9. Turning to the application for permission to proceed with the petition as a derivative action and without deciding whether in fact permission to institute a derivative action should be granted to the petitioner, one of the considerations that court takes into account in granting permission under 241 of the Companies Act, is whether the acts complained of may be authorised by the company if they are yet to take place or whether they can be ratified by the Company if they have taken place. The authorization and ratification is an act of the Company at a General Meeting. According to the petitioner, the last Annual General Meeting was held in 2016 while the 1st respondent depones that her attempts to convene General Meetings in 2015 and 2015 have been thwarted as they have degenerated into shouting matches between family members. What is clear to me is that the matter complained of concern the management of the Company, it key asset and income therefrom which are matters I am satisfied can be resolved in a properly conducted General Meeting.

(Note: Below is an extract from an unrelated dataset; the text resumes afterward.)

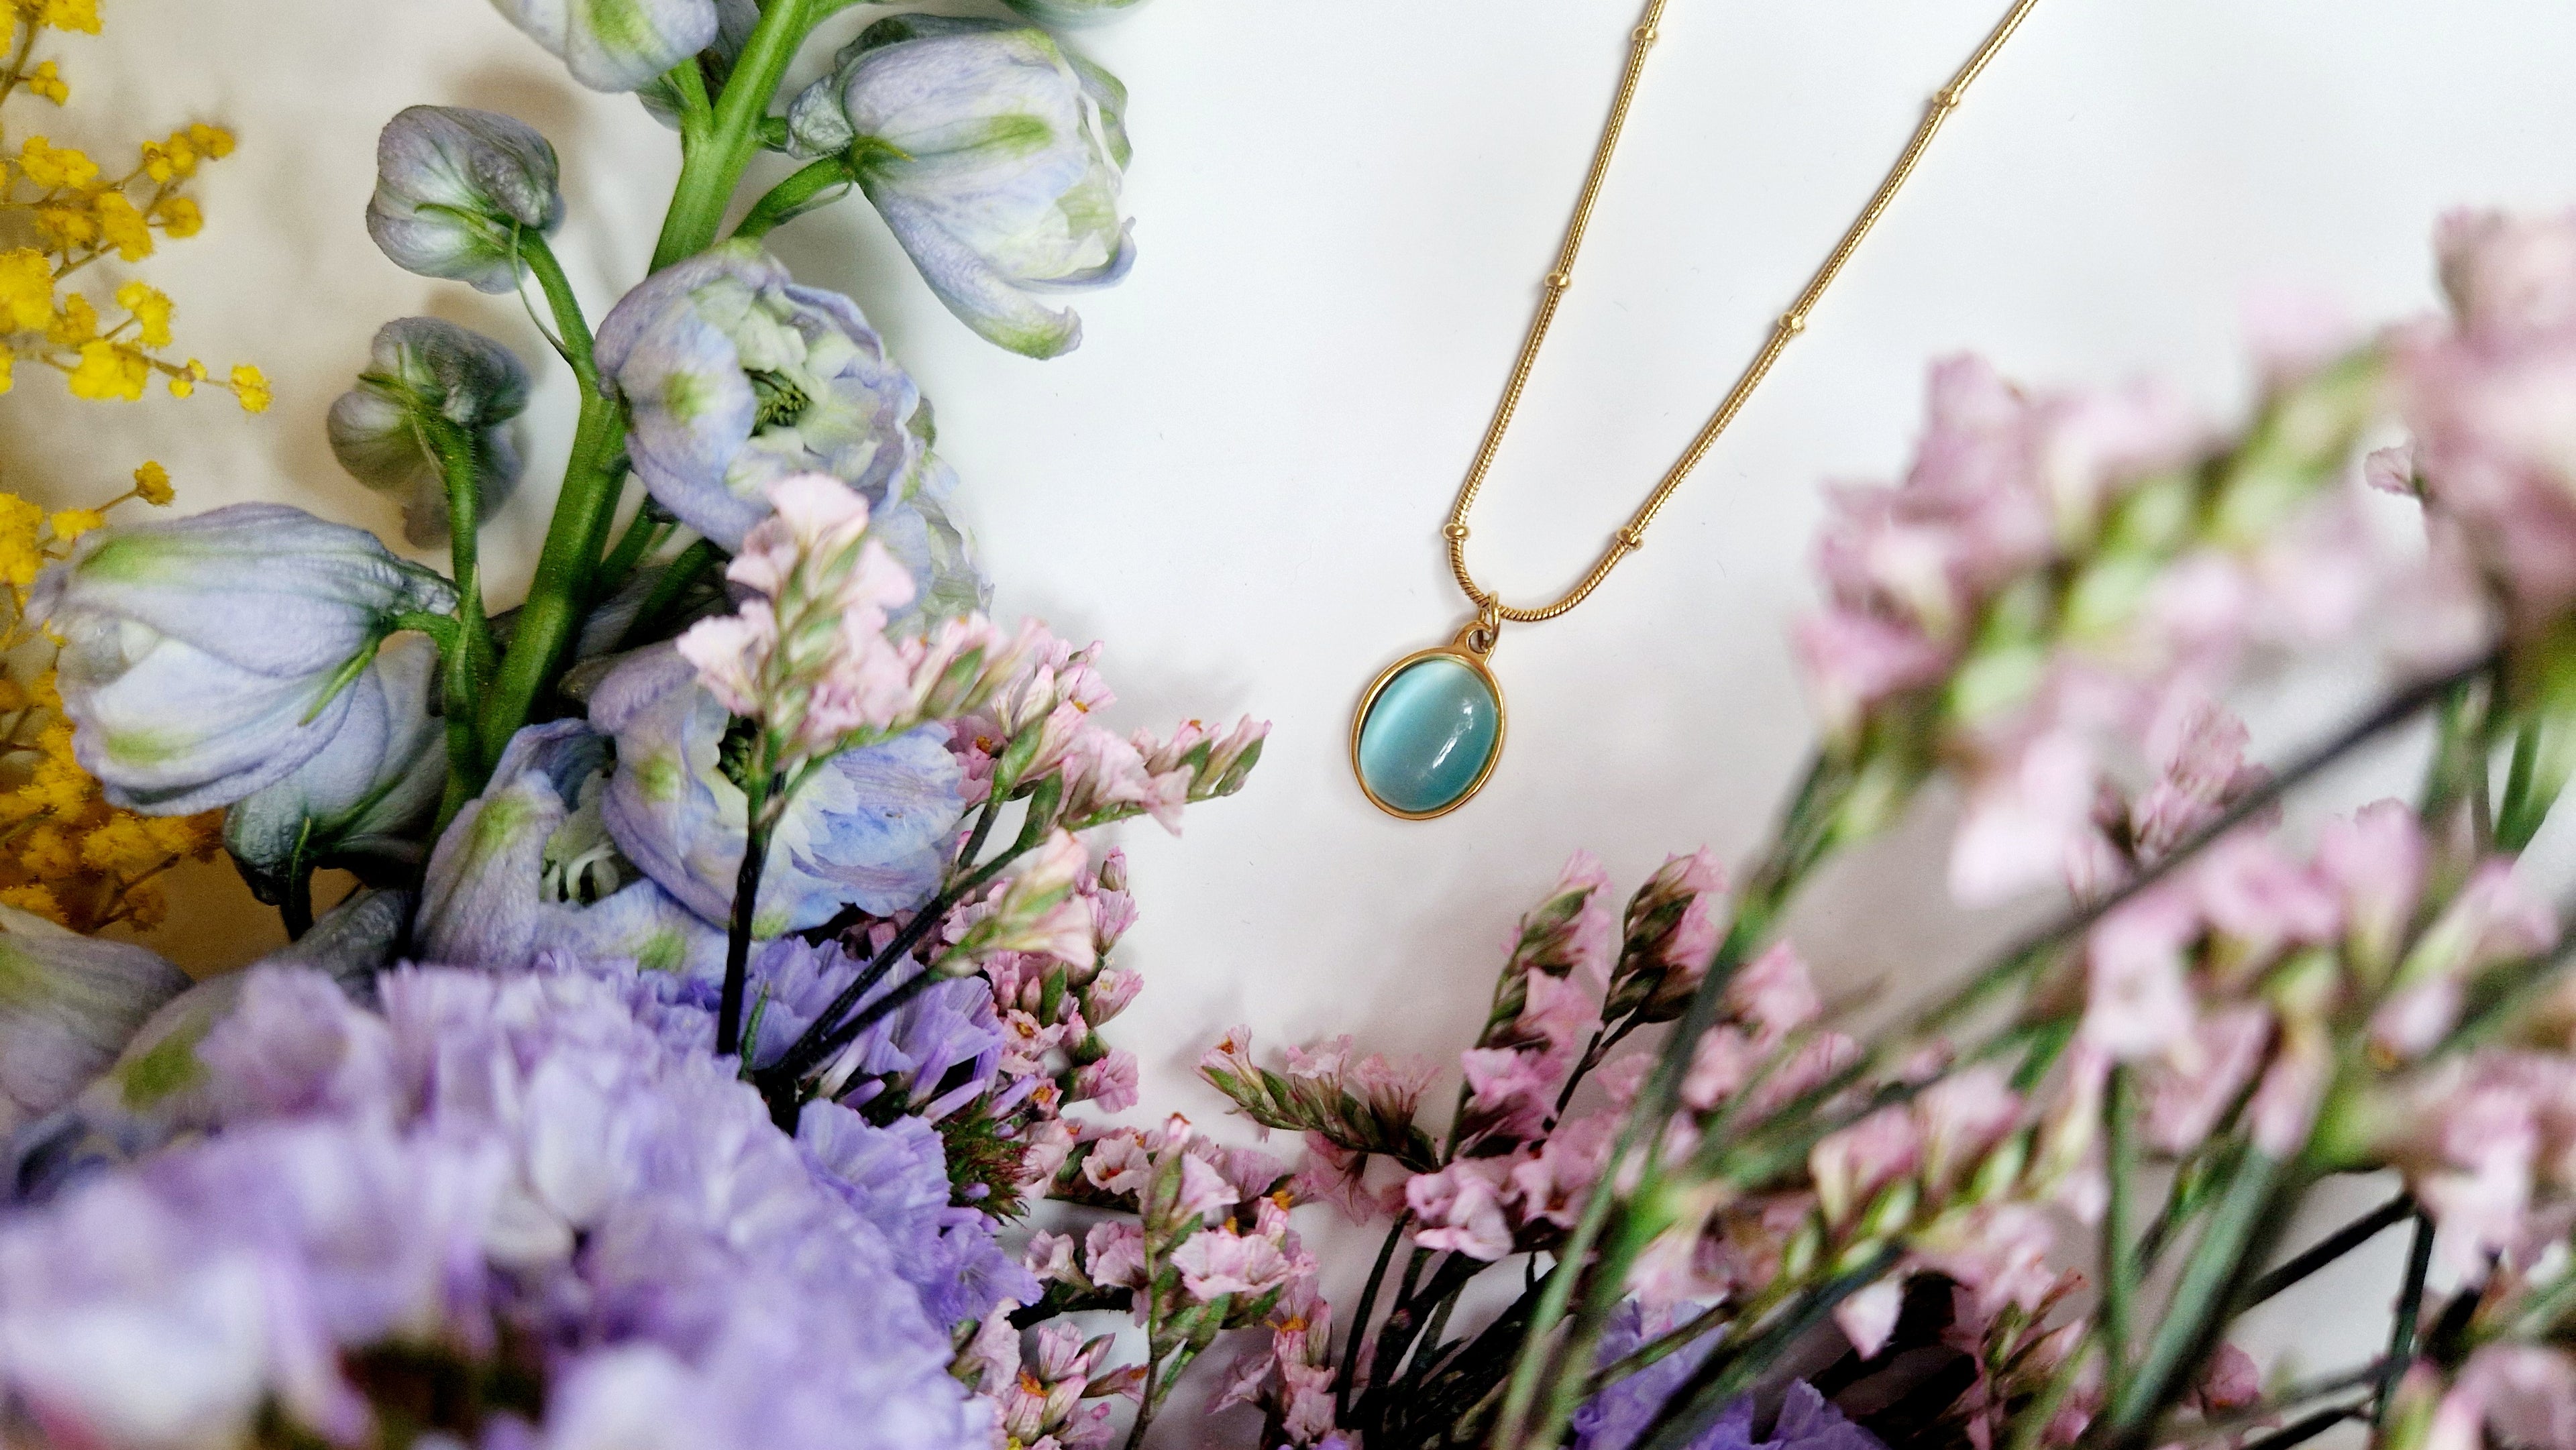 aquamarine gold pendant necklace surrounded by fresh flowers

10. It is common ground that a General Meeting is required to unlock the disputes in the management of the Company. In prayer (f) of the petition, the petitioner seeks an order that the court direct that a General Meeting be held. The respondents have also proposed a General Meeting be held in their respective written submissions. The point departure is what should be on the agenda of the meeting. In the circumstances, I propose to invoke the powers of the court under section 280 of the Companies Act which empowers the court to convene a General Meeting as follows:
280. (1) This section applies if for any reason it is impracticable –
(a) to convene a meeting of the company in any manner in which meetings of that company may be convened; or
(b) to conduct the meeting in the manner required by the articles of the Company or this Act.
(2) the court may, either on its own initiative or on the application: -
(a) of a director of the company; or
(b) of a member of the company who would be entitled to vote at the meeting, make an order requiring a meeting to be convened, held and conducted in any manner that court considers appropriate.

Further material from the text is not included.